In fact, a printk() in the d_delete() spot never ever triggers...

This could explain the behavior change, wherein rm -r on a large
directory no longer works in ramfs/tmpfs, because the dentries are
now destroyed instead of going negative. [1] Is it intentional
that no negative dentries are created via vfs_unlink() method?

-Mike

1. if that's true, memory pressure could make readdir fail too.


2002-03-30 16:50:24

by Mike Galbraith

[permalink] [raw]
Subject: Re: vfs_unlink() >=2.5.5-pre1 question

On Sat, 30 Mar 2002, Mike Galbraith wrote:

> Hi,
>
> d_delete() doesn't appear to ever create negative dentries when
> called via vfs_unlink() due to the extra reference on the dentry.
> In fact, a printk() in the d_delete() spot never ever triggers...

Well shoot. I guess I've chased this about as far as I can, and
hope this thread wasn't a total waste. I found a better way to
get my rm -r to work as before fwiw. Rewinding the directory on
seek failure (yeah, could do in three lines, but not the point)
works, but is kinda b0rken. I think the only interesting thing
in the below is the FIXME :)) but I'll post it anyway.

EOT,

-Mike

Private comments on this quite welcome.
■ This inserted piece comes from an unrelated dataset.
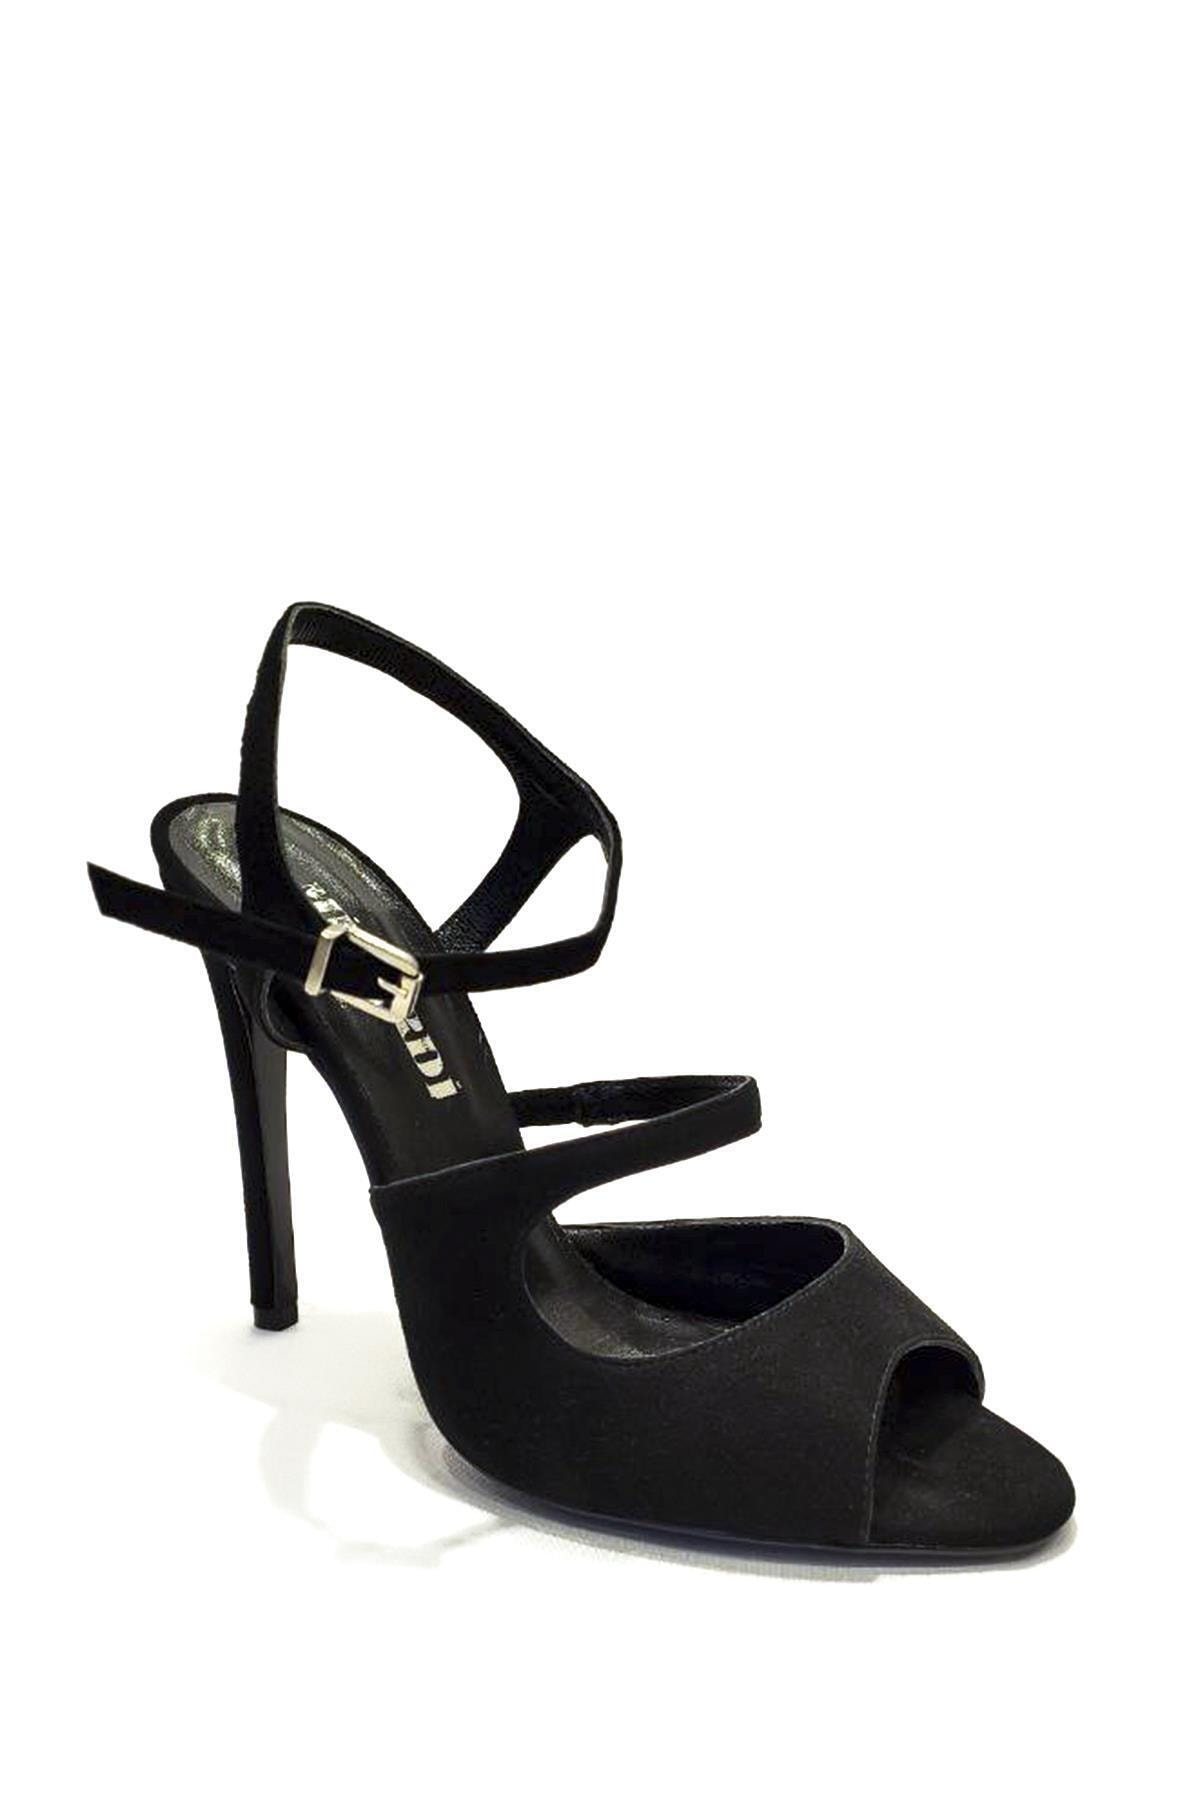 MİNARDİ Süet Klasik Topuklu Ayakkabı Mnd19y-780 1

Locking is a bitch :-)

--- fs/dcache.c.org Sat Mar 30 12:27:34 2002
+++ fs/dcache.c Sat Mar 30 17:32:43 2002
@@ -803,7 +803,10 @@
* @dentry: The dentry to delete
*
* Turn the dentry into a negative dentry if possible, otherwise
- * remove it from the hash queues so it can be deleted later
+ * remove it from the hash queues so it can be deleted later.
+ * FIXME: this assumes more than GOD allows :)
+ * This function must be called while holding an extra reference
+ * to the dentry, and with the dentry's d_inode pinned down.
*/

void d_delete(struct dentry * dentry)
@@ -812,7 +815,7 @@
* Are we the only user?
*/
spin_lock(&dcache_lock);
- if (atomic_read(&dentry->d_count) == 1) {
+ if (atomic_read(&dentry->d_count) == 2) {
dentry_iput(dentry);
return;
}
--- fs/namei.c.org Sat Mar 30 12:54:29 2002
+++ fs/namei.c Sat Mar 30 17:17:02 2002
@@ -1453,6 +1453,7 @@
int vfs_unlink(struct inode *dir, struct dentry *dentry)
{
int error = may_delete(dir, dentry, 0);
+ struct inode *inode;

if (error)
return error;
@@ -1463,7 +1464,12 @@
DQUOT_INIT(dir);

dget(dentry);
- down(&dentry->d_inode->i_sem);
+ inode = igrab(dentry->d_inode);
+ if (!inode) {
+ dput(dentry);
+ return -EBUSY;
+ }
+ down(&inode->i_sem);
if (d_mountpoint(dentry))
error = -EBUSY;
else {
@@ -1471,7 +1477,10 @@
if (!error)
d_delete(dentry);
}
- up(&dentry->d_inode->i_sem);
+ if (inode) {
+ up(&inode->i_sem);
+ iput(inode);
+ }
dput(dentry);

if (!error)

(Hmm. Actually, rewinding on seek failure is a more useful lie
than a NULL when the thing ain't empty, so I think I'll go apply
the three liner again and see if anything gripes)

2002-03-30 18:28:40

by Alexander Viro

[permalink] [raw]
Subject: Re: vfs_unlink() >=2.5.5-pre1 question



On Sat, 30 Mar 2002, Mike Galbraith wrote:

> On Sat, 30 Mar 2002, Mike Galbraith wrote:
>
> > Hi,
> >
> > d_delete() doesn't appear to ever create negative dentries when
> > called via vfs_unlink() due to the extra reference on the dentry.
> > In fact, a printk() in the d_delete() spot never ever triggers...
>
> Well shoot. I guess I've chased this about as far as I can, and
> hope this thread wasn't a total waste. I found a better way to
> get my rm -r to work as before fwiw. Rewinding the directory on
> seek failure (yeah, could do in three lines, but not the point)
> works, but is kinda b0rken. I think the only interesting thing
> in the below is the FIXME :)) but I'll post it anyway.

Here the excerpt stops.